About this task -
Go through the material below and copy each line exactly.
....
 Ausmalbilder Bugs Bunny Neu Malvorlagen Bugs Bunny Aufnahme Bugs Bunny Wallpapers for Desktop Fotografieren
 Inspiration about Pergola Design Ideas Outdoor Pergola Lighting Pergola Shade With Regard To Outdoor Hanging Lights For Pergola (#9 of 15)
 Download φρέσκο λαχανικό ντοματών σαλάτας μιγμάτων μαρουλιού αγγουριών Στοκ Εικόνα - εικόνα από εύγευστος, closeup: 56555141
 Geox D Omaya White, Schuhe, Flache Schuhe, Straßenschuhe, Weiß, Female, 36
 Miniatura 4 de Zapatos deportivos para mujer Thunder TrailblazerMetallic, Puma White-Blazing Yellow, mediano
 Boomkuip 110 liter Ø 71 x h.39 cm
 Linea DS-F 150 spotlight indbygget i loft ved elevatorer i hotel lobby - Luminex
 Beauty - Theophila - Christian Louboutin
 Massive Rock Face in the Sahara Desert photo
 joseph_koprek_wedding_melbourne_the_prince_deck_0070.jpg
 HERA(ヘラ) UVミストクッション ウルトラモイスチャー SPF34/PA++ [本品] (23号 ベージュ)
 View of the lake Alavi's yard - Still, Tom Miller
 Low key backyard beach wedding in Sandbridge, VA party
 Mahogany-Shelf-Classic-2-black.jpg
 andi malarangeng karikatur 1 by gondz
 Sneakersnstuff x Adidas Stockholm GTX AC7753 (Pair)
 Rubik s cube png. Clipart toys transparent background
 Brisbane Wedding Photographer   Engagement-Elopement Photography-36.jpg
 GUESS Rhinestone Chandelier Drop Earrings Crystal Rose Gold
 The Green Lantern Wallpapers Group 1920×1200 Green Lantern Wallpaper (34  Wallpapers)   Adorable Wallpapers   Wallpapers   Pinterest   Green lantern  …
....
Reply -
 Ausmalbilder Bugs Bunny Neu Malvorlagen Bugs Bunny Aufnahme Bugs Bunny Wallpapers for Desktop Fotografieren
 Inspiration about Pergola Design Ideas Outdoor Pergola Lighting Pergola Shade With Regard To Outdoor Hanging Lights For Pergola (#9 of 15)
 Download φρέσκο λαχανικό ντοματών σαλάτας μιγμάτων μαρουλιού αγγουριών Στοκ Εικόνα - εικόνα από εύγευστος, closeup: 56555141
 Geox D Omaya White, Schuhe, Flache Schuhe, Straßenschuhe, Weiß, Female, 36
 Miniatura 4 de Zapatos deportivos para mujer Thunder TrailblazerMetallic, Puma White-Blazing Yellow, mediano
 Boomkuip 110 liter Ø 71 x h.39 cm
 Linea DS-F 150 spotlight indbygget i loft ved elevatorer i hotel lobby - Luminex
 Beauty - Theophila - Christian Louboutin
 Massive Rock Face in the Sahara Desert photo
 joseph_koprek_wedding_melbourne_the_prince_deck_0070.jpg
 HERA(ヘラ) UVミストクッション ウルトラモイスチャー SPF34/PA++ [本品] (23号 ベージュ)
 View of the lake Alavi's yard - Still, Tom Miller
 Low key backyard beach wedding in Sandbridge, VA party
 Mahogany-Shelf-Classic-2-black.jpg
 andi malarangeng karikatur 1 by gondz
 Sneakersnstuff x Adidas Stockholm GTX AC7753 (Pair)
 Rubik s cube png. Clipart toys transparent background
 Brisbane Wedding Photographer   Engagement-Elopement Photography-36.jpg
 GUESS Rhinestone Chandelier Drop Earrings Crystal Rose Gold
 The Green Lantern Wallpapers Group 1920×1200 Green Lantern Wallpaper (34  Wallpapers)   Adorable Wallpapers   Wallpapers   Pinterest   Green lantern  …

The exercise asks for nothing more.